Historians have credited this work that Turing led at Bletchley Park, with shortening the war by as much as 2 years, saving many millions of lives in the process.

But Alan Turing’s contributions to the field of computing start even before his wartime efforts. In 1936, he wrote his seminal work “on computable numbers”, and this research formed the basis for modern day computer algorithms. We can see some of the calculations from his paper in this table on the new bank note. In his research, he demonstrated how, what he called universal machines, could perform any solvable computation they were presented with. Of course, these universal machines are what we now call computers.

Quite simply, his mathematical research in 1936 laid the foundations for modern computer science.

After the war Turing returned to computing, but this time helping turn it into reality. Moving to Manchester to work at the National Physical Laboratory, he dedicated the next few years to designing the UK’s first electronic stored program computer. And here is an image of that invention, along with the diagrams Turing drew when designing it. The ACE Pilot machine, although much larger than anything we would use today, was one of the world’s first computers.

Recognising the potential for computers to revolutionise the world around us, Turing delivered his now famous quote, when describing the ACE Machine. “This is only a foretaste of what is to come, and only the shadow of what is to be”. He has turned out to be prophetic.

And this is reflected in one of the key security features of the note – a two colour foil featuring a microchip image over the main see-through window. Within this are two gold foil squares, which change between a pound symbol and the number “50” when tilted.

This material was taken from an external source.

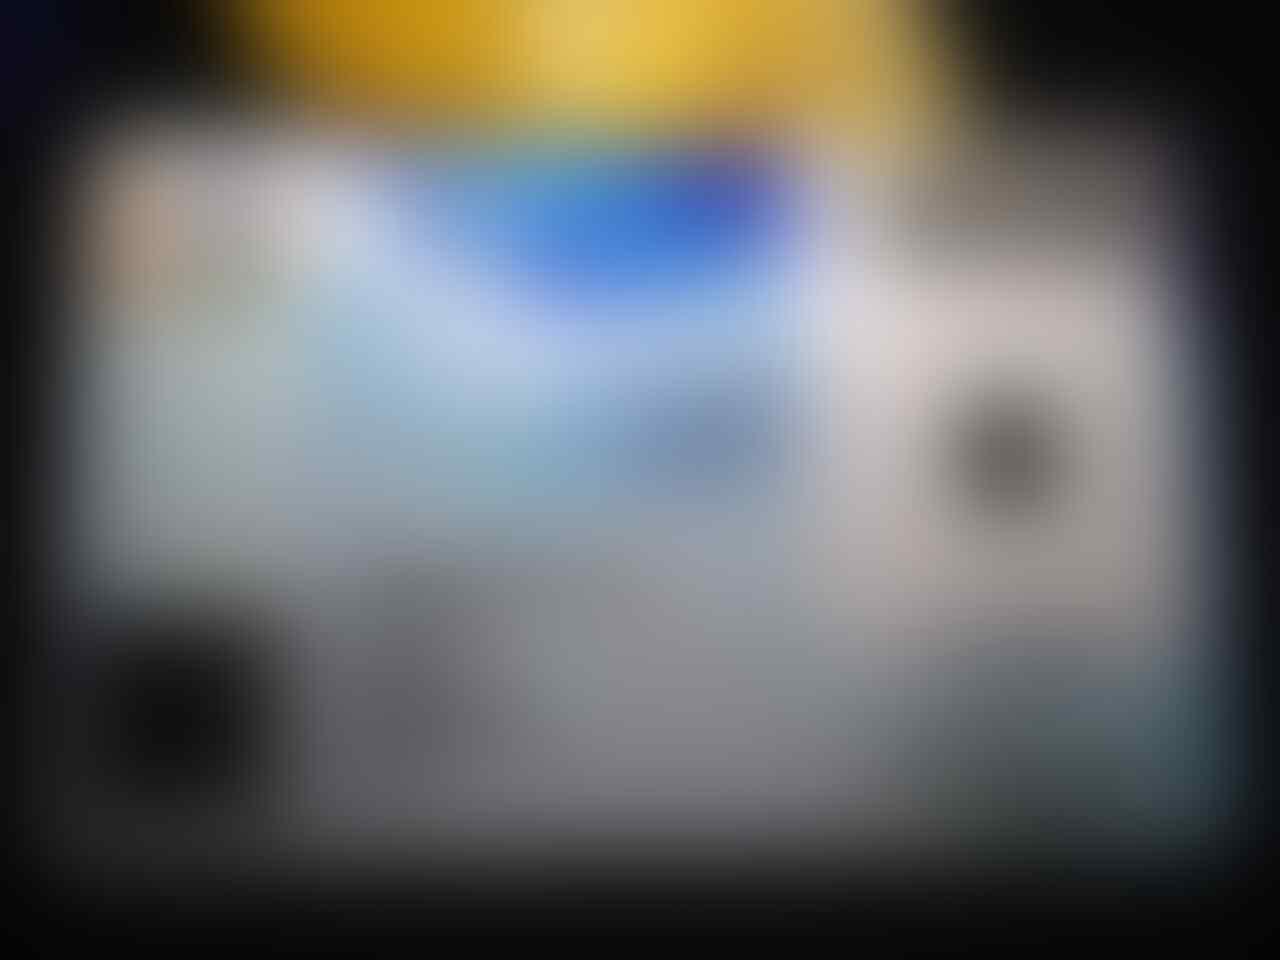 PART13 - K A R M A - CLOSED 11 JULI 2018
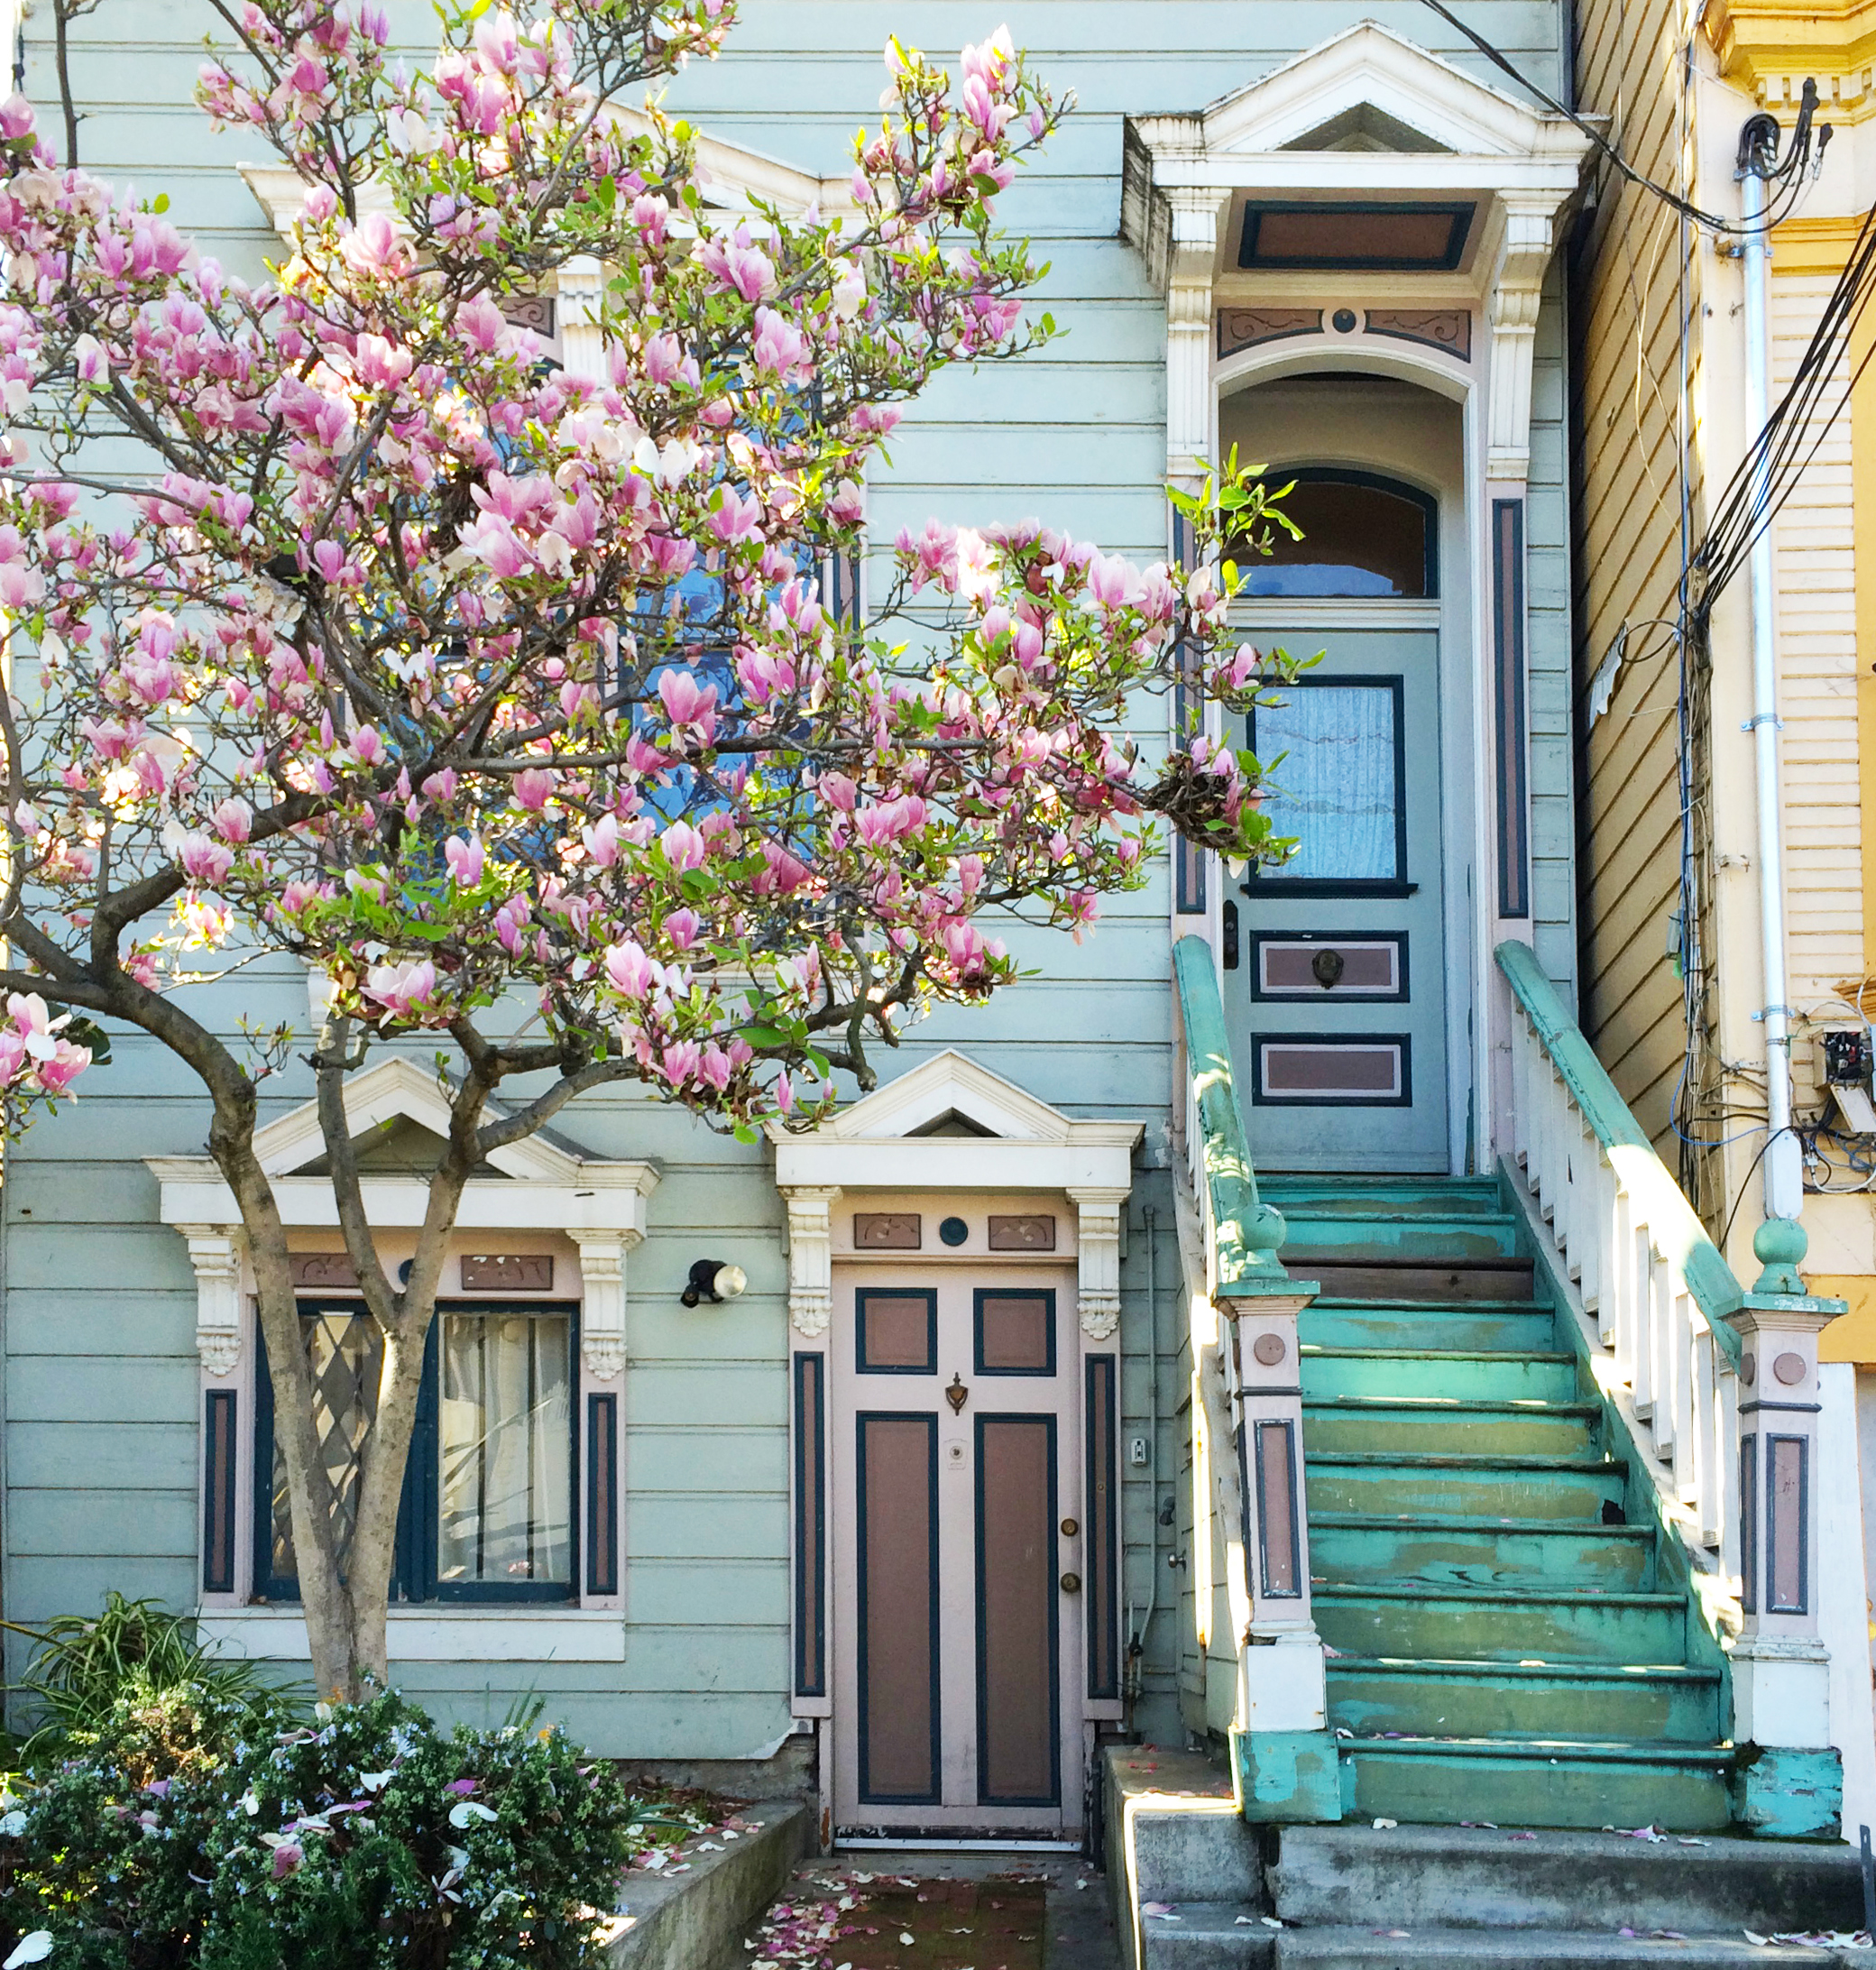 24th street in bloom

Above and below the micro-chip image are green metallic sunflower shapes, and on the back of the note, a red foil patch containing the letters “AT” is based on the image of a sunflower head. These sunflower images reflect Turing’s ground breaking morphogenetic work. This new branch of developmental biology which Turing pioneered, was the study of algorithms underpinning the formation of patterns in nature. The way a leopard’s spots develop into patterns, or the way the seed heads on a sunflower spiral. Turing found a way to predict these using maths. Here, also, we see him laying the foundations for a new scientific field.

His contributions to Britain’s war effort and its scientific status, make the circumstances of his own death all the more poignant. Though guarded about his private life, Turing’s sexual orientation wasn’t a complete secret at the time. He was arrested under indecency laws in 1952, after the police learned of his relationship with another man. The tragic events surrounding this arrest would eventually lead to Turing taking his own life, at the age of just 41.

In 2017 the Turing Law was passed in memory of Alan, pardoning all men who, like him, were convicted based on their sexuality. Another legacy for which Alan Turing can be remembered.

The Turing £50 completes our family of polymer banknotes, which already include the £5, £10, and £20 pound notes. These polymer notes are more secure than their paper predecessor, and I'm very pleased that we have made this important transition.

Conclusion

Winston Churchill, Jane Austen, JMW Turner.

These are the figureheads who grace our other banknotes, and through their leadership and cultural contribution, they helped shape the vibrant society that is modern Britain.

The person chosen to feature on a currency, can embody the spirit of a nation. In his remarkable achievements, Turing did just that. And in doing so, showed us the way to the future.

As the artist Anthony Gormley remarked, Alan Turing "unlocked the door between the industrial and the information age”. And although Turing was under appreciated in his lifetime, we can now see how accurate this description is.

Alan Turing was a gay man, whose transformational work in the fields of computer science, codebreaking, and developmental biology, was still not enough to spare him the appalling treatment to which he was subjected. By placing him on this new £50 banknote, we celebrate him for his achievements, and the values he symbolises, for which we can all be very proud.